# Crispy rice,how to make it?



## brigitte (Mar 25, 2008)

Hello everybody,how are you?My name is brigitte from france,but i live in south america.Well i wanted very badly to learn how to make the cripsy rice cereal(like the one from kellogs..) but to do it myself.I want to do them to make the crispy rice marshmellow treats,but i dont have the cereal available and besides would love to learn to do it myself.I was checking in many websites but i cannot find anything about the crispy rice itself..All I could find was thaty is fine rice grain that is cooked..dried..and baked..but ..what about how to go about doing this three steps and finishing with something similar to the crispy rice from kellogs .If nobody knows this..does anybody know abother way to make the rice to be used for this sort of marshmellow rice treat??I would greatly appreciate any comments or recepies!Merci en advance!


----------



## free rider (May 23, 2006)

It can't be done at home, as far as I know. It requires special equipment. The first lot was made by shooting it out of a cannon, a Spanish-American war cannon, if memory serves me correctly.


----------



## norma (Jun 4, 2006)

Bonsoir Brigitte,

I don't know where you are in South America, but in Brazil they have that specific cereal that you are looking for. 
It's called "flocos de arroz" from Kellogs.
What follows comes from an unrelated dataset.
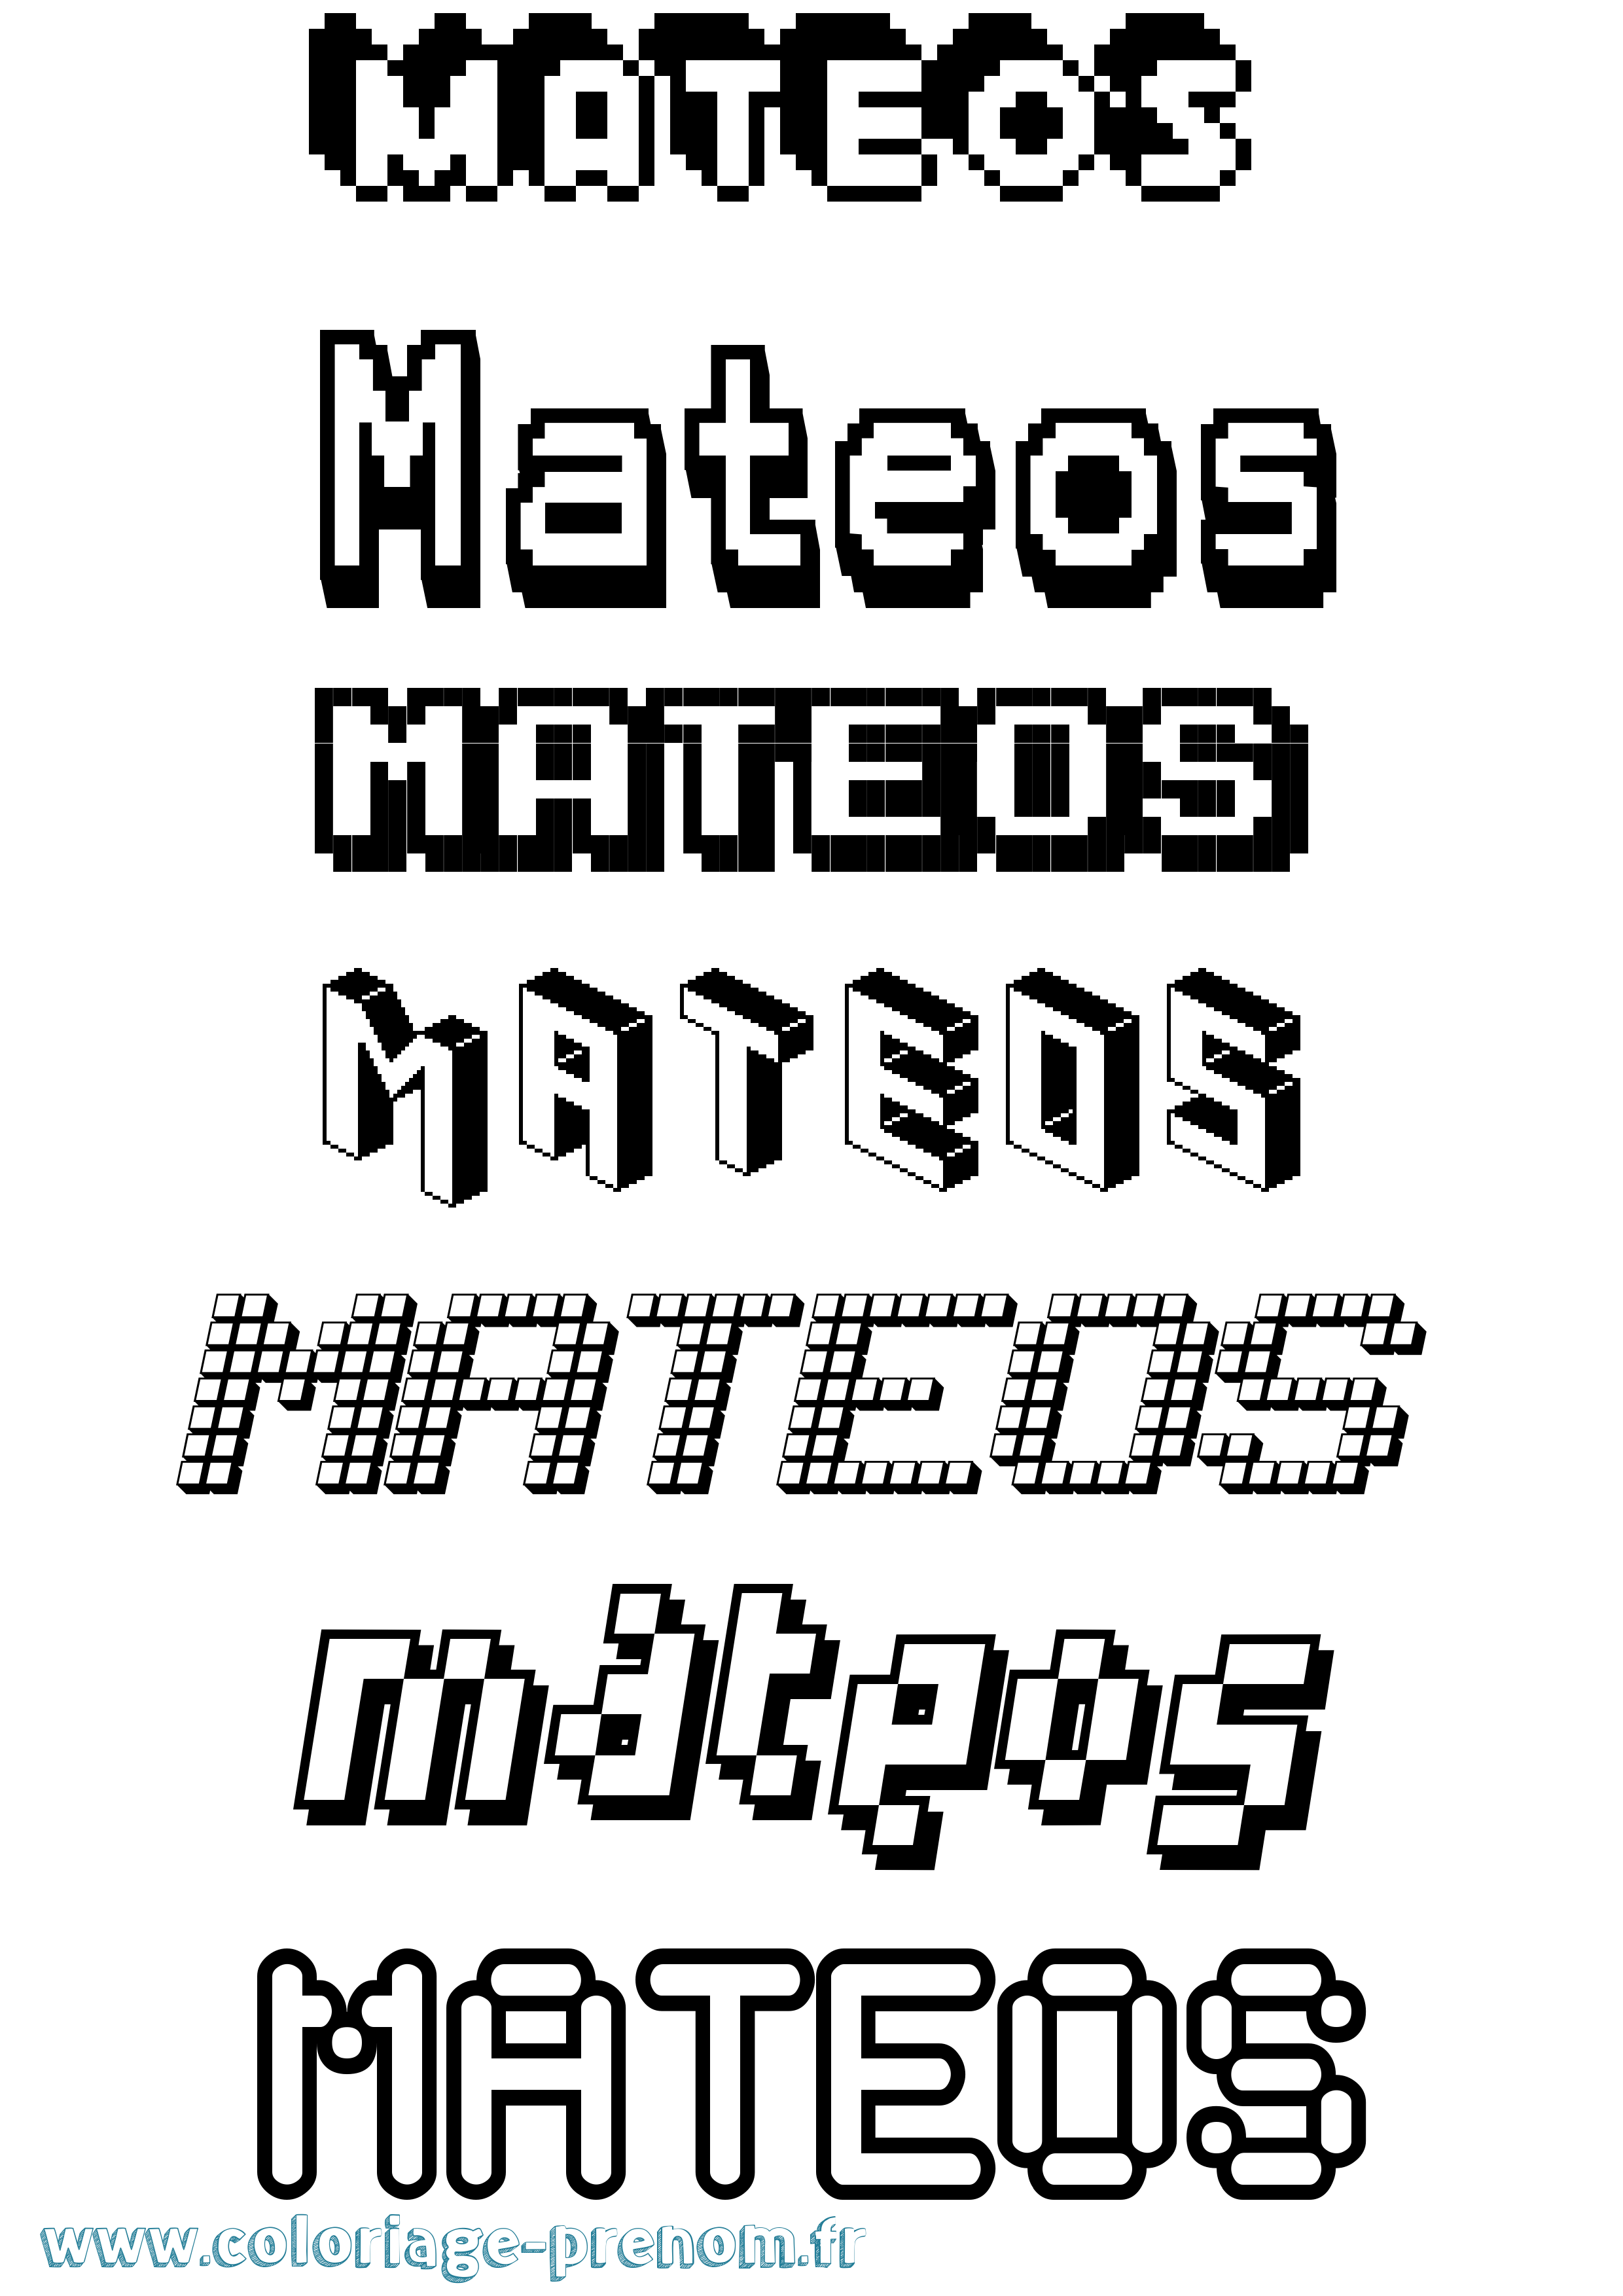 Coloriage prénom Mateos Pixel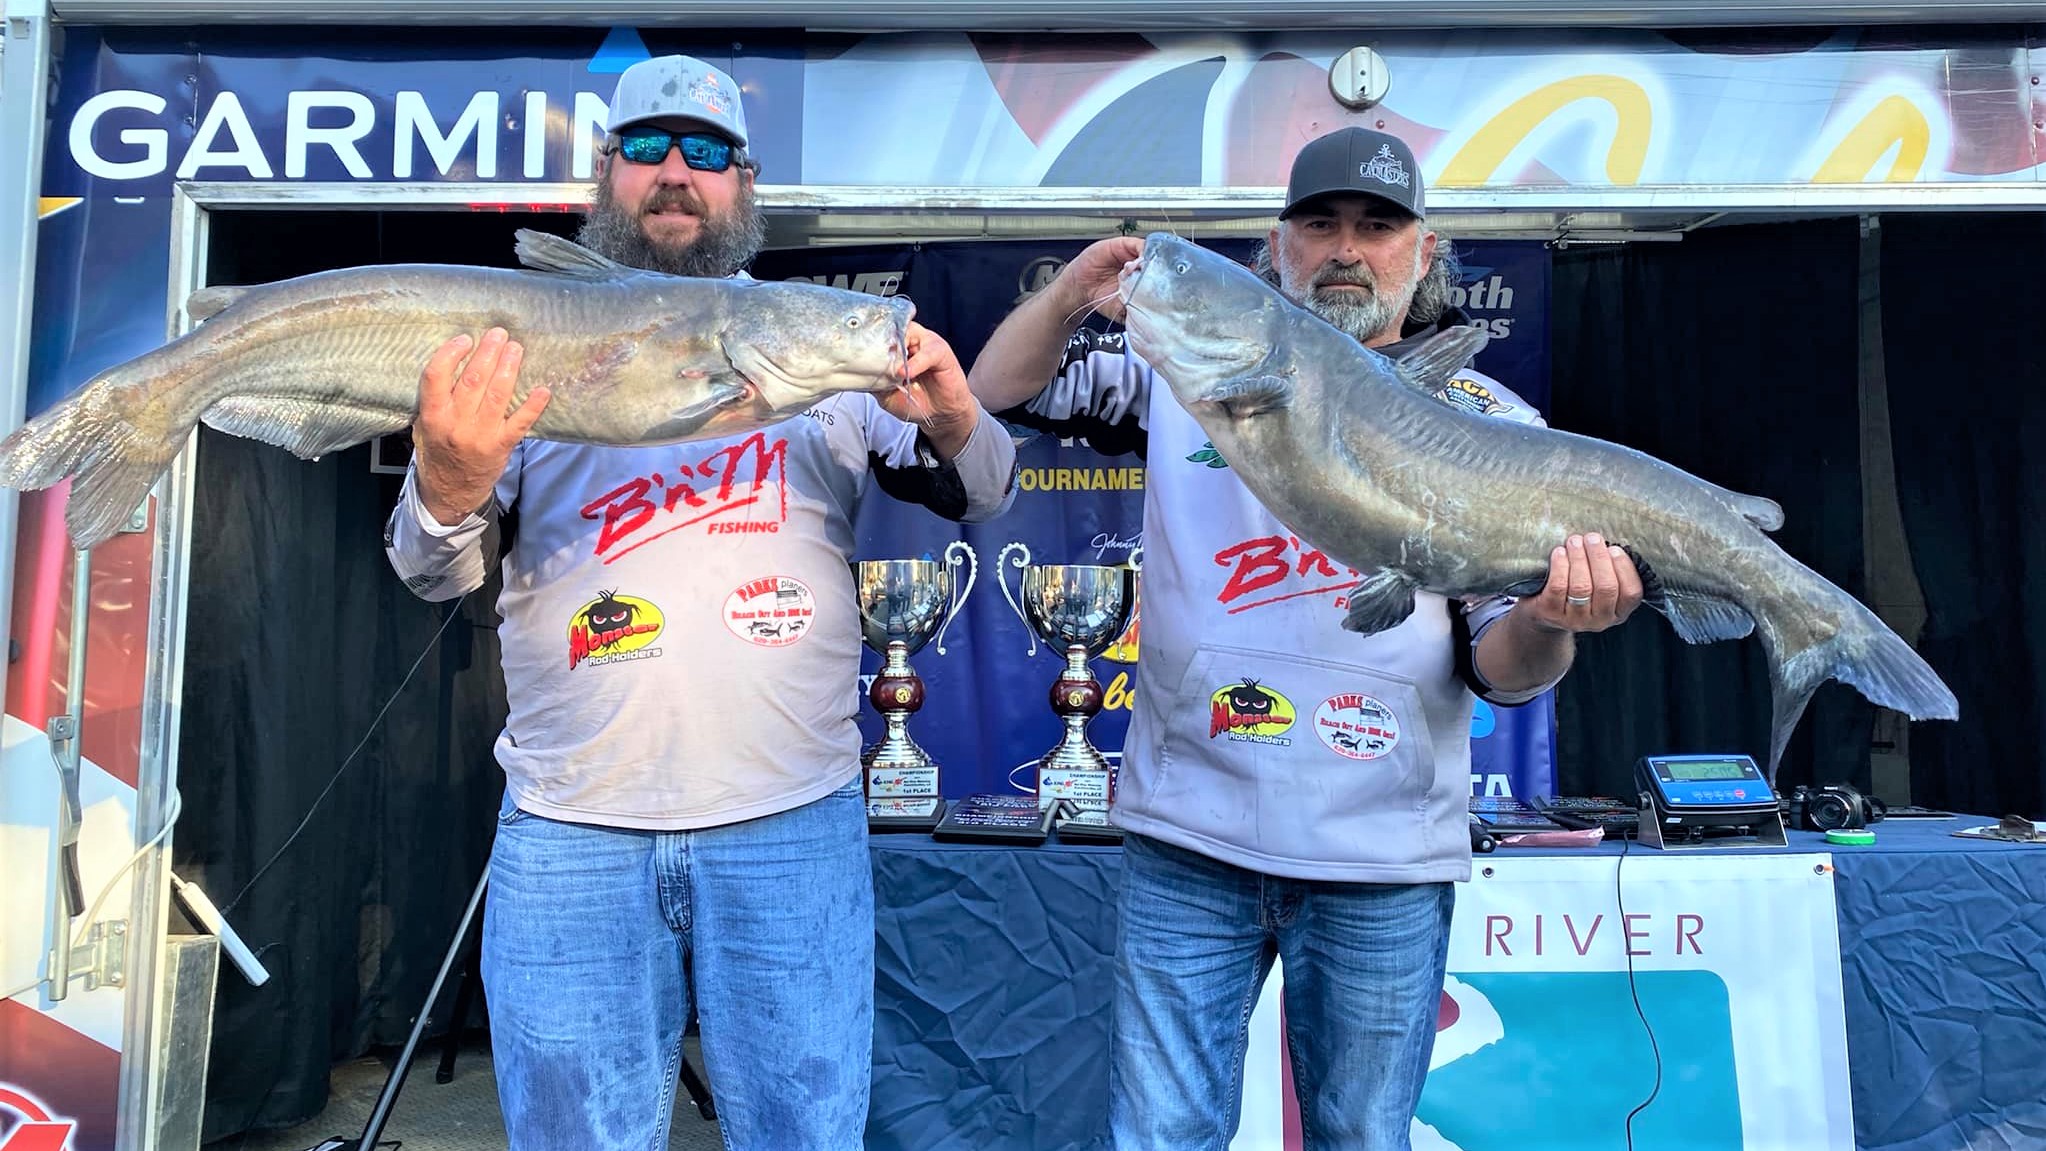 Kansas fishing couple wins national catfish tournament

They have also "Choco Krisps" which is the same thing but, covered in chocolate. 
Go to www.sucrilhos.com


----------



## norma (Jun 4, 2006)

Sorry Brigitte, the website is Kellogg's and the one that is covered in chocolate is called Choco Krisps. Very taste with milk!


----------



## [email protected] (Mar 16, 2008)

Maybe you are looking at the wrong aisle...they are usually located where the breakfast cereals are...


----------